Position and Duties:

 

  a.

As Interim CFO, you shall have such responsibilities, duties, and authorities as are commensurate with the position of Interim CFO, or as are assigned to you by the Interim Chief Executive Officer (or successor thereto). You acknowledge and agree that you will be designated as the Company’s “principal financial officer” and “principal accounting officer” for purposes of the Company’s financial statements and periodic reports.

 

  b.

In your role as Interim CFO, you shall fulfill your duties and responsibilities in a diligent, trustworthy, and appropriate manner and in compliance with the policies and practices of the Company (as in effect from time to time) and applicable law. You shall devote your full business time and efforts to the performance of your assigned duties for the Company; provided, however, that you may provide transition services to Clearsense, Inc. (“Prior Employer”) for a reasonable period of time following the termination of your employment with the Prior Employer, provided that such transition services do not materially interfere with your employment with the Company.

 

  3.

Term:

 

  a.

You shall serve as the Interim CFO from the Start Date until the earlier of (i) the date that a permanent (non-interim) Chief Financial Officer commences employment (with not less than thirty (30) days’ prior written notice from the Company to you); (ii) the date which is six months from the Start Date (with not less than thirty (30) days’ prior written notice from the Company of its intent to not extend); (iii) the date that you resign from your employment with the Company for any reason; and (iv) the date the Company terminates your employment for any reason (with not less than thirty (30) days’ prior written notice from the Company to you, other than in connection with a termination of your employment for Cause (as defined below))


  

 

  (such period, the “Initial Term”). Notwithstanding the foregoing, if the Initial Term ends prior to the six month anniversary of the Start Date for any reason other than (x) a termination of your employment by the Company for Cause (as defined below) or (y) your resignation from employment with the Company other than for Good Reason (as defined below), you will be entitled to receive continued payments of cash compensation pursuant to Section 4 below through the end of such six month period (subject to you executing and not revoking a general release of claims against the Company and its affiliates in a form reasonably satisfactory to the Company, if requested by the Company).
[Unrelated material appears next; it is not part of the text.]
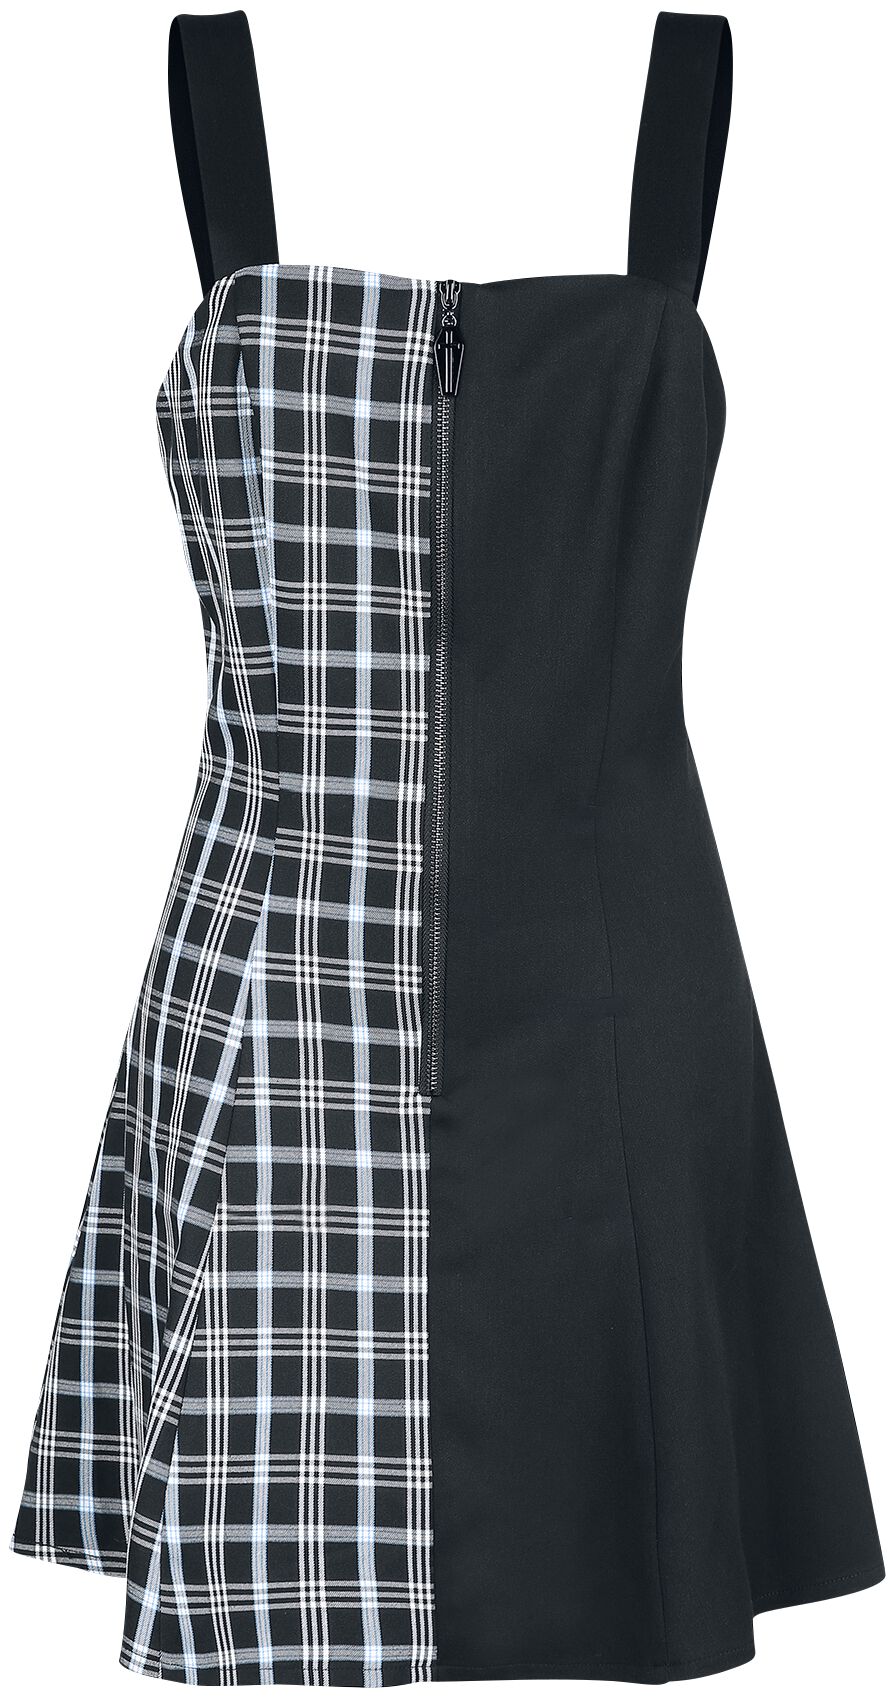 Banned Alternative - Gothic Kurzes Kleid - Death Check Dress - XS bis XXL - für Damen - Größe XL - schwarz/blau

The Initial Term may be extended by mutual agreement for successive three (3) month terms on the same basis (including with respect to compensation for services provided during any such extended term) of you and the Company (the Initial Term and any such extended term, the “Term”).

 

  b.

For purposes of this Offer Letter, the term “Cause” shall mean the occurrence of any of the following with respect to you: (i) willful or grossly negligent failure to perform duties and obligations hereunder in any material respect, other than any such failure resulting from a disability; (ii) conviction of a crime or offense involving the property of the Company or any of its affiliates, or any crime or offense constituting a felony or involving fraud or moral turpitude; provided that, in the event of an arrest or indictment for a crime or offense related to any of the foregoing, then the Company may, at its option, place you on paid leave of absence, pending the final outcome of such arrest or indictment; (iii) conviction of violating any law, which violation is materially and demonstrably injurious to the operations or reputation of the Company and its affiliates; or (iv) material violation of any generally recognized policy of the Company or a refusal to follow the lawful directions of the Interim Chief Executive Officer or the Board of Directors of the Company (the “Board”); provided, that with respect to items (i) and (iv), any such action will constitute “Cause” only if, to the extent that the breach is capable of remedy, (A) the Board notifies you of any action of yours that constitutes Cause, which notice specifies in reasonable detail the alleged facts and specific action which the Board deems are a basis for a termination for Cause and (B) you fail to remedy such action within 30 days following the receipt of such notice.

 

  c.

For purposes of this Offer Letter, “Good Reason” shall mean the occurrence of any of the following without your express written consent: (i) a reduction of your title or a material reduction by the Company in the degree of your responsibility and authority; (ii) a reduction in your Base Pay or Success Bonus (each as defined below) opportunity; (iii) a requirement by the Company to relocate more than 50 miles from the original location at which you perform your duties (it being understood that you will be expected to spend time in the Raleigh, North Carolina area during the Term, as reasonably required to perform your duties hereunder); or (iv) a material breach by the Company of this Offer Letter; provided, that any of the foregoing events shall constitute “Good Reason” only if (A) you notify the Board of any action that constitutes an event of Good Reason within 30 days of the occurrence thereof, which notice specifies in reasonable detail the alleged facts and specific action which you deem are a basis for a termination for an event of Good Reason; (B) the Company fails to remedy such action within 30 days following the receipt of such notice; and (C) you actually resign your employment within 90 days following the initial occurrence of the purported event triggering Good Reason.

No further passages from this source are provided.